O diretor explica que a escolha do carro - quase um personagem no filme - foi tão importante quanto a do elenco. Uma escolha curiosa, já que o automóvel vermelho tem uma cor extrovertida, enquanto o personagem que o dirige é o oposto.
“Sempre ouvi que diretores, quando estão fazendo testes para elenco, costumam dizer: 'finalmente encontrei o ator que estava procurando'. Meu encontro com este carro foi muito parecido. Originalmente, estava procurando por um SAAB 900 amarelo, conforme a história original (o longa é baseado na literatura de Haruki Murakami). Acabamos usando o carro do coordenador encarregado de encontrar o automóvel. Lembro como o carro se destacava na paisagem, como ele era legal. Aí descobri que ele era um SAAB 900, justamente o que estávamos procurando. Nosso colega ainda dirige".
O diretor explica também o equilíbrio entre tragédia e beleza que vemos no filme. "Tragédia e beleza não são, necessariamente, duas coisas diferentes. No caso de perder alguém que você ama, você pode ter sido a causa. Com certeza é uma tragédia. Para superar, é preciso aceitar isto. Aceitar é triste, difícil e trágico. Também é algo bonito ver a beleza humana capaz de superar aquilo. Superar uma tragédia leva ao surgimento de algo belo", acredita.
Chama a atenção no filme as cenas em que não há diálogo, em que se destaca apenas a expressão no rosto dos atores. "Se a plateia pode sentir algo, mesmo que os atores estejam em silêncio, é porque os intérpretes estão sentindo algo quando atuam".
Para Ryusuke Hamaguchi, os atores não estão apenas seguindo instruções, mas sim vivendo a experiência do personagem. "Sei o quanto isto é difícil. Uma das coisas que faço para ajudar os atores é escrever um perfil dos personagens. Ao fazer uma encenação do perfil, o que está no papel deixa de ser apenas um conjunto de ideias e se torna memória e experiências. Quando estão em silêncio numa cena, os atores têm esta referência para guiar a interpretação", explica o cineasta.
O cineasta tinha feito outra escolha curiosa. Embora seja um filme dramático, o diretor planejava usar uma música alegre na trilha sonora de "Drive My Car", mais precisamente uma faixa dos Beatles.

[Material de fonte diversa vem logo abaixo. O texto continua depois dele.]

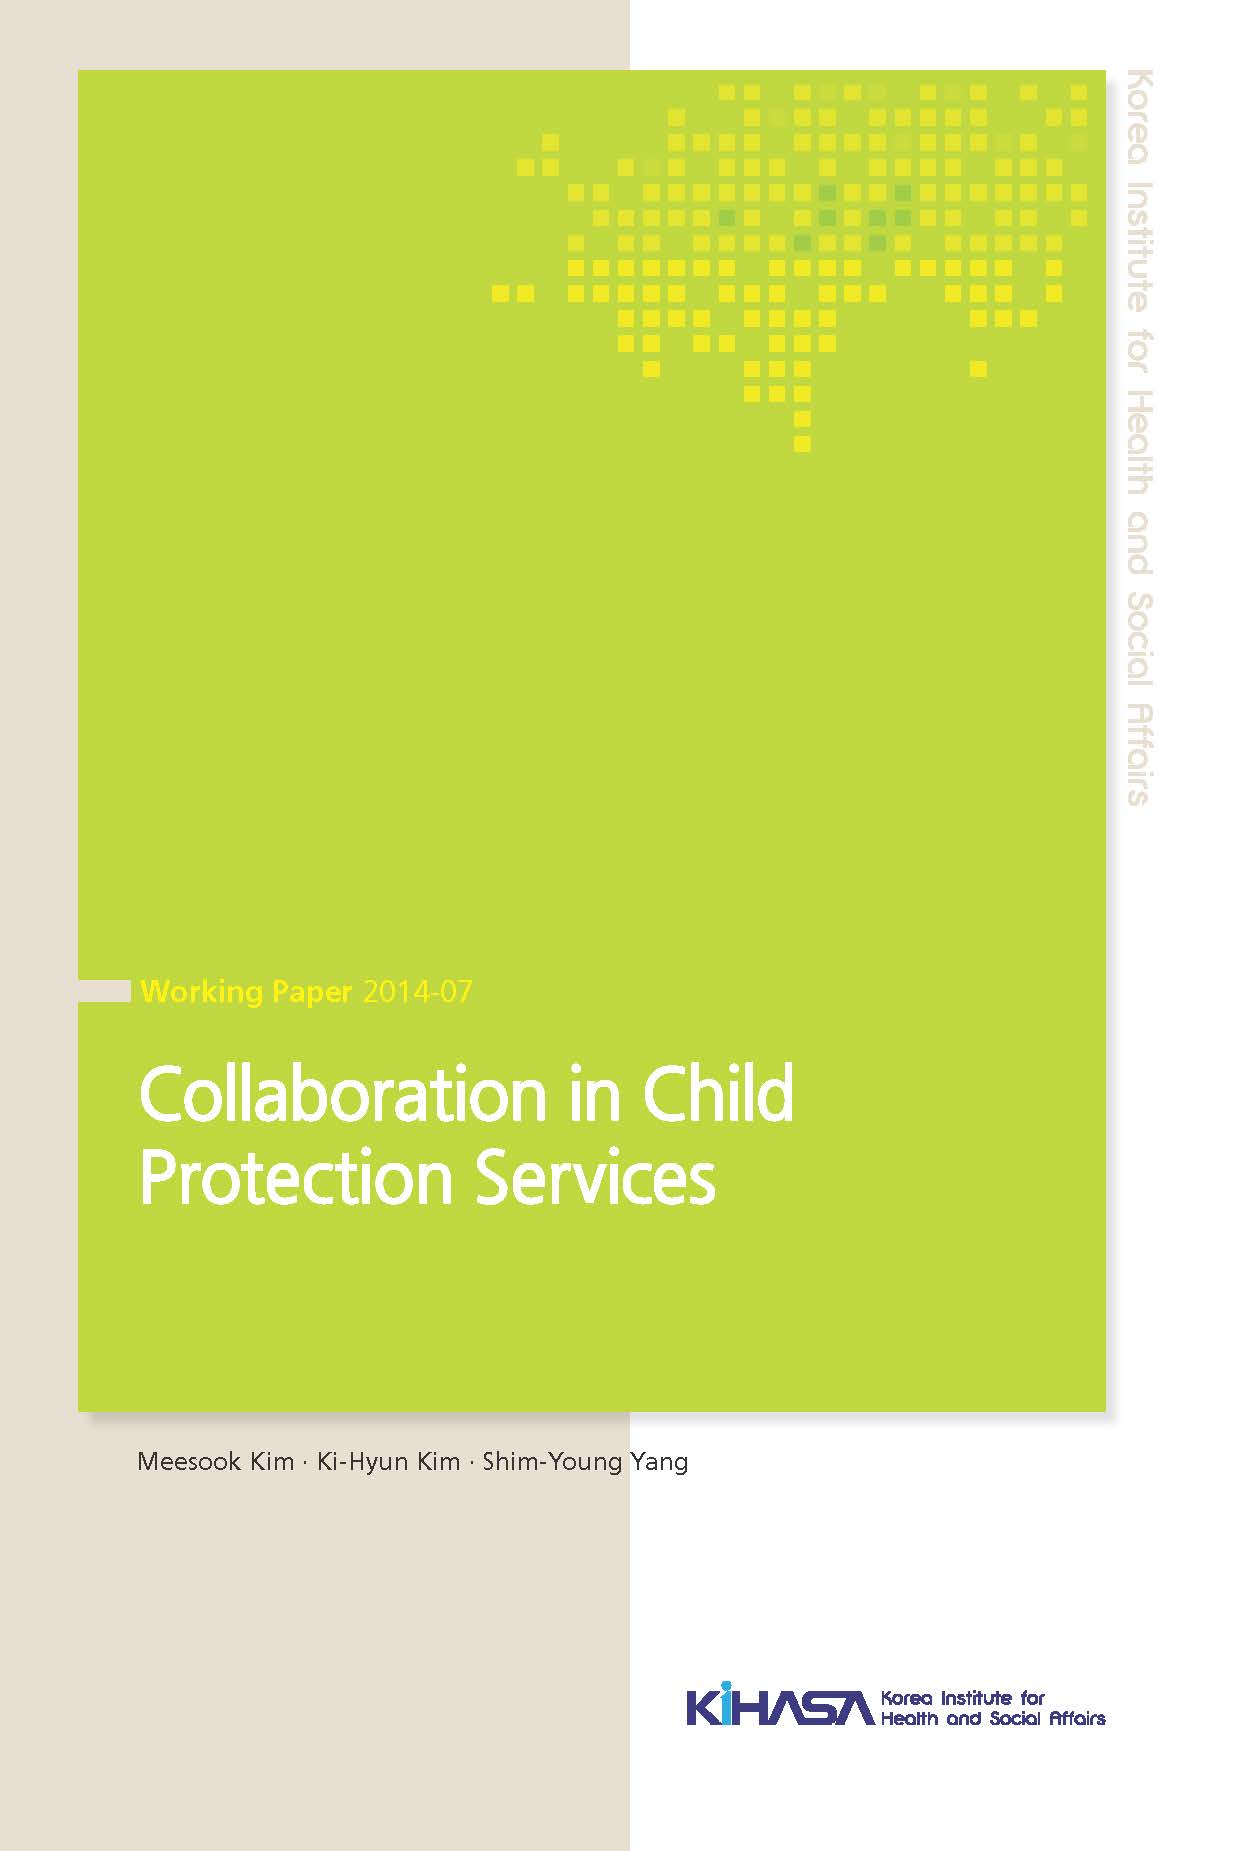 Collaboration in Child Protection Services

"Pedi ao produtor para usar a música, a resposta foi que não seria possível. Não sei o quanto foi negociado. O final do filme fica em aberto. Adoro a música, embora não entenda a letra completamente, mas achava que a composição seria perfeita para o desfecho. Acabei usando outra música e tudo ficou bem", complementa o diretor.